Mientras tanto con una de su manos movió el mechón de cabello que cubría parte del rostro ajeno -Gracias por haberme dejado estar contigo- Su expresión se suavizo y poniéndose de puntitas mientras que tiraba levemente de su chaqueta para poder alcanzarlo, acerco sus labios a los del muchacho y lo beso lentamente. Al menos una ultima vez, era lo único que pedía ya. La idea de no volverlo a ver la aterraba, no quería olvidarlo, y aunque dudaba que alguna vez eso fuera a suceder, quería grabarlo todo en su memoria, de una manera que ni las palabras ni su camara fotográfica lo lograrían. El como su corazón se aceleraba cuando lo tenía cerca, al poder tocarlo, al besarlo, sensaciones que eran indescriptibles. Si tendría que ser fuerte de ahí en adelante entonces podía tener un último de momento de debilidad.

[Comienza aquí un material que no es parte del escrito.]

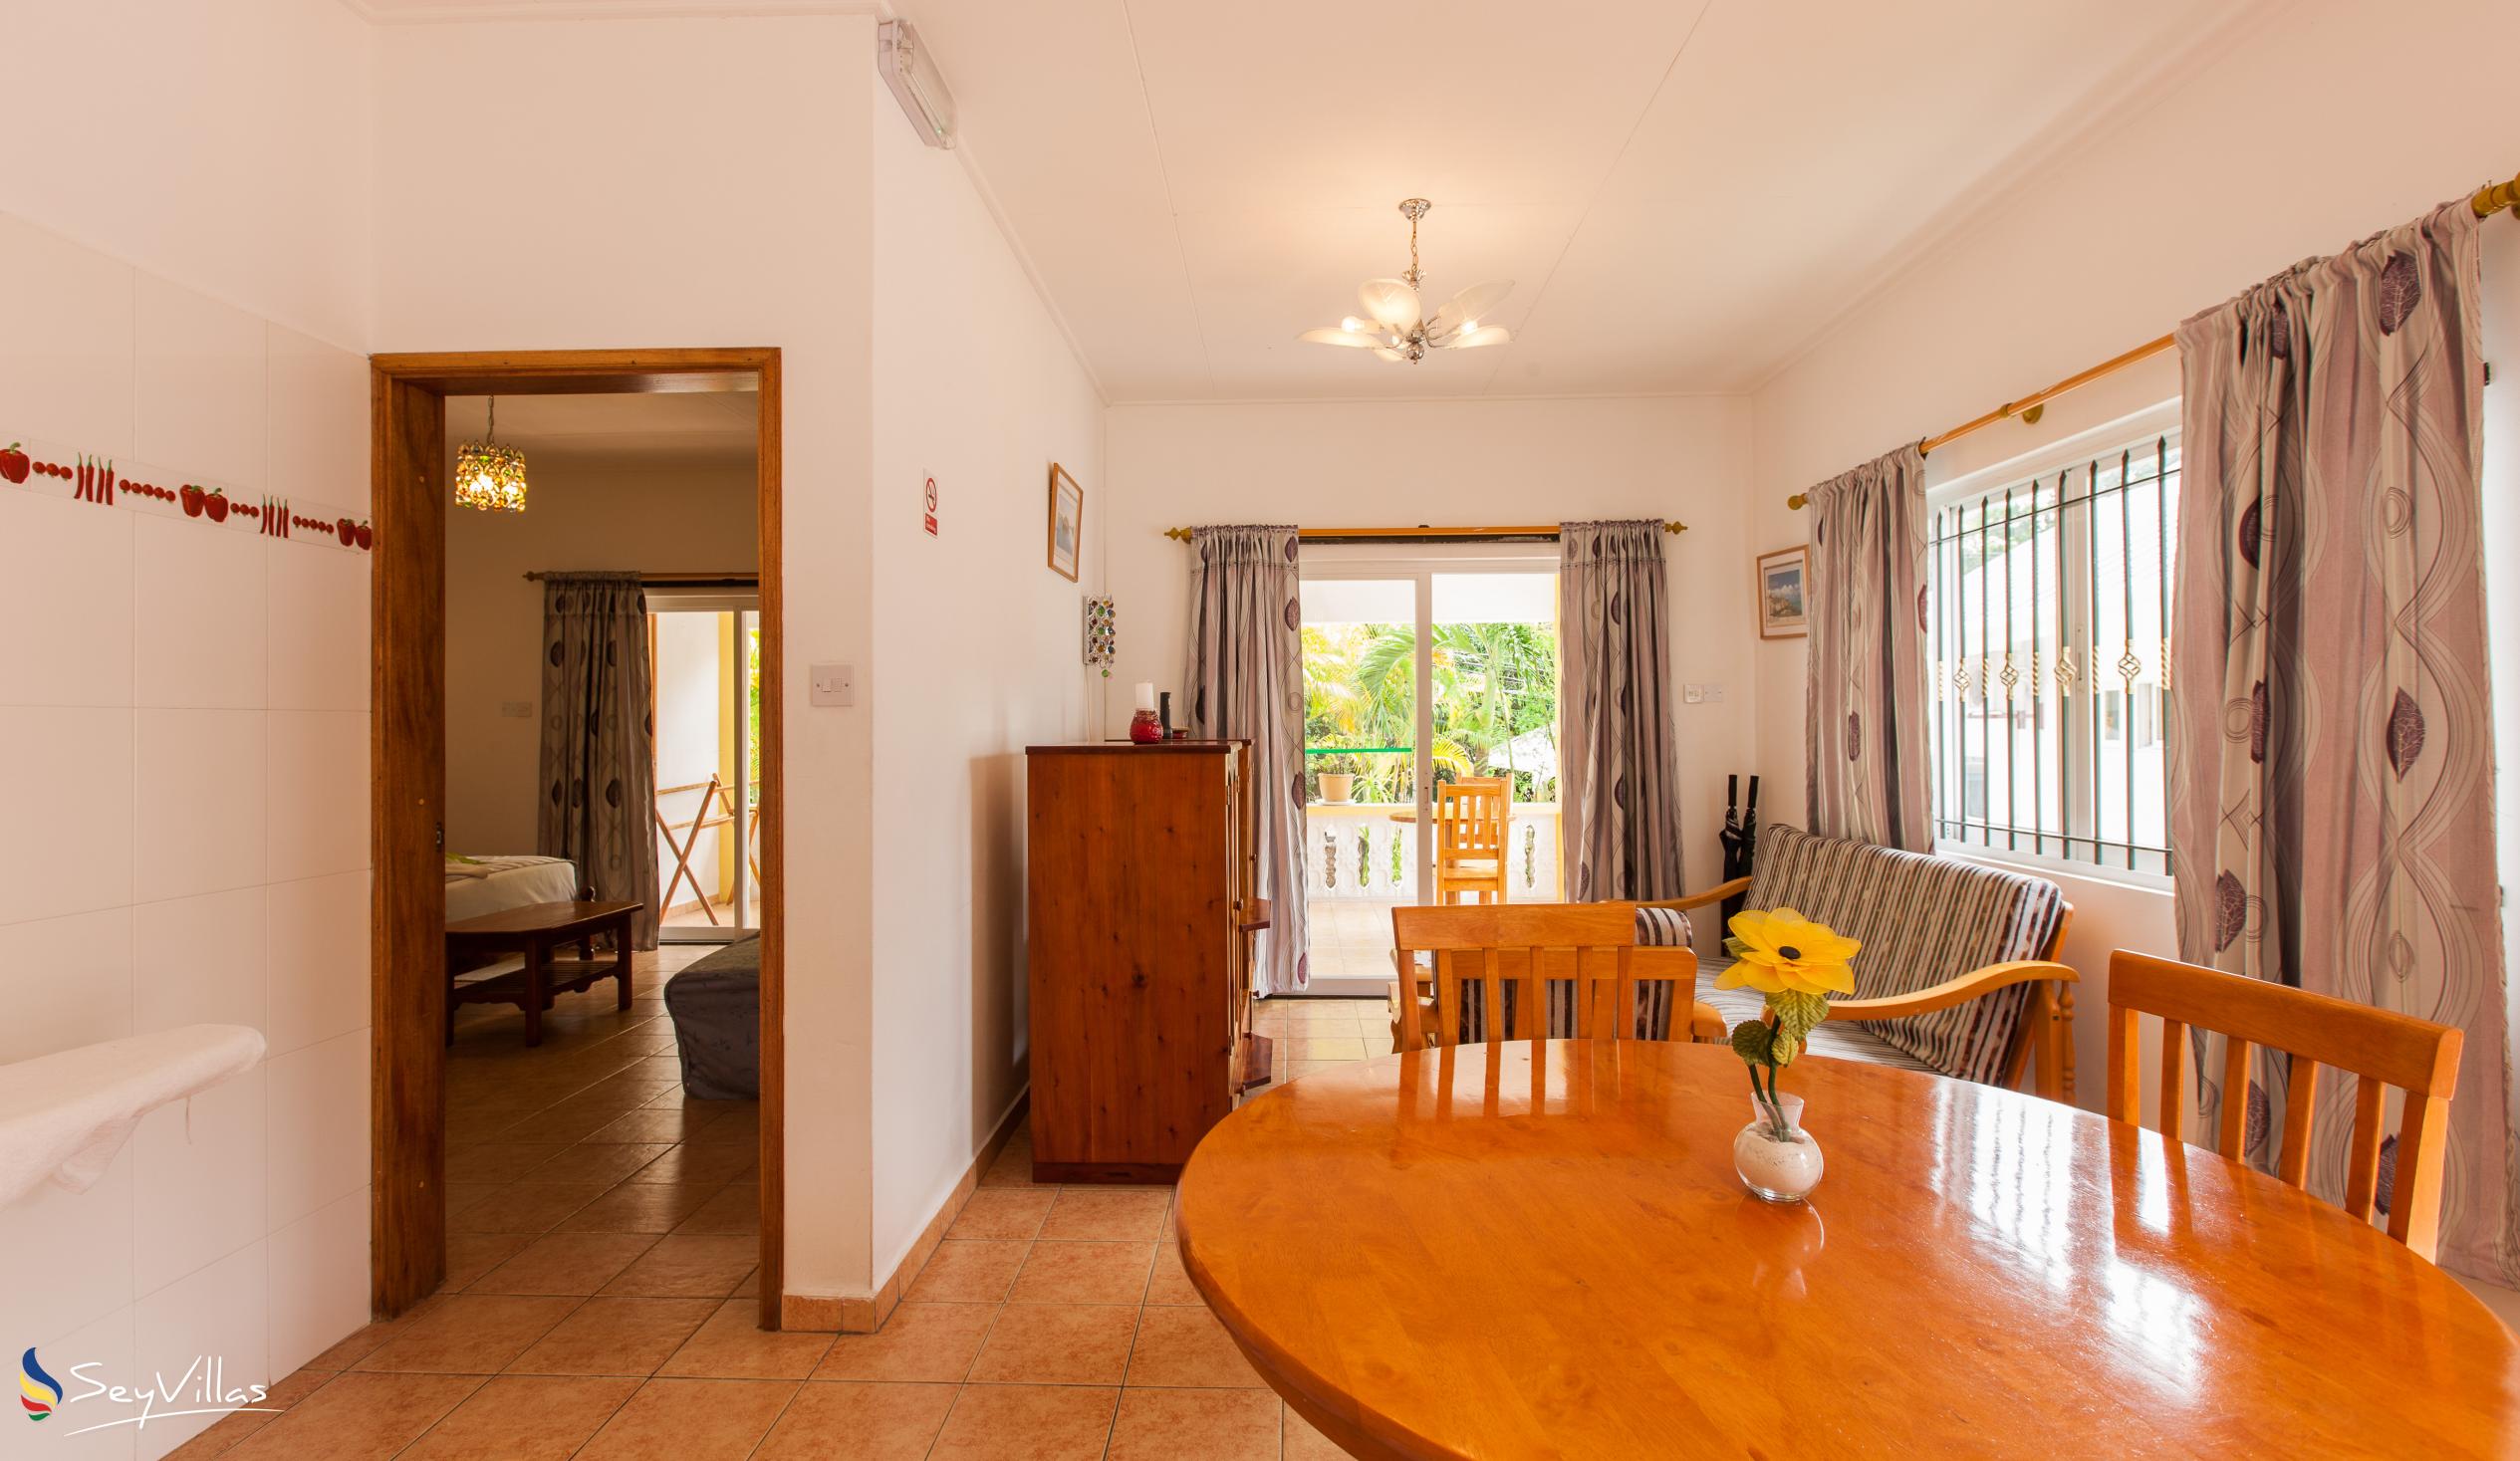 Foto 55: Acquario Villa - Appartamento con 1 camera da letto - Praslin (Seychelles)
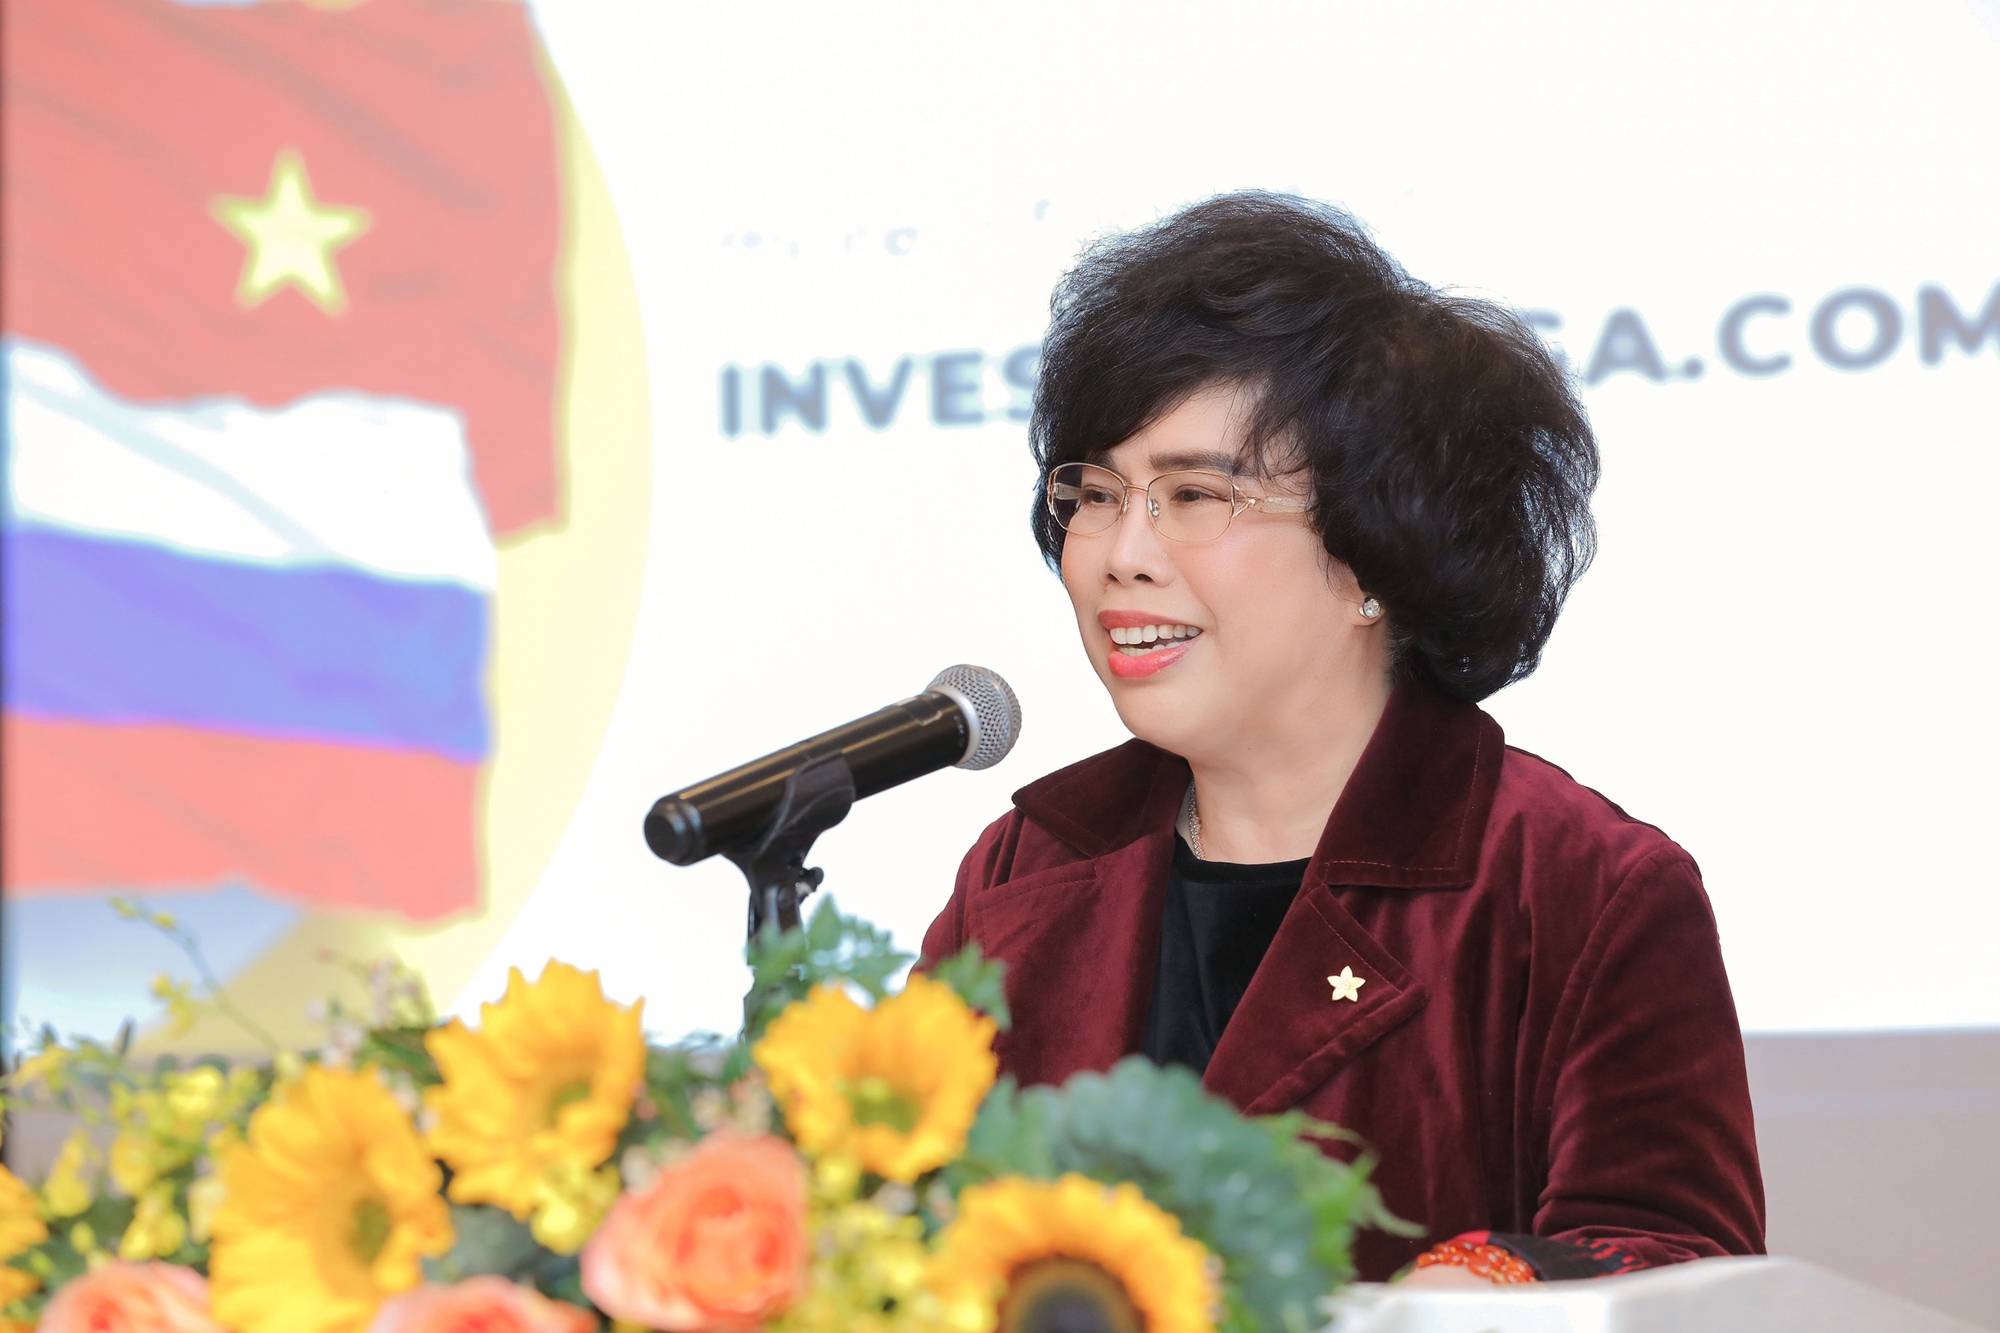 Thống đốc tỉnh Kaluga (Liên bang Nga) gặp gỡ Hiệp hội Nữ doanh nhân Việt Nam và Tập đoàn TH - Ảnh 1.

-Lo siento- murmuró separándose antes de que el otro pudiera reaccionar. Sin perder tiempo, ni mirar atrás paso por la puerta principal del edificio. Entonces fue que la mascara comenzó a desmoronarse, las lagrimas volvieron a deslizarse por sus mejillas al ya no poder contener la presión en su pecho. Cuando entró a su departamento los sollozos no tardaron en escucharse. Era demasiado difícil aceptar que ese realmente era el final. Ni siquiera había sido capaz de decirle adiós al hombre que amaba.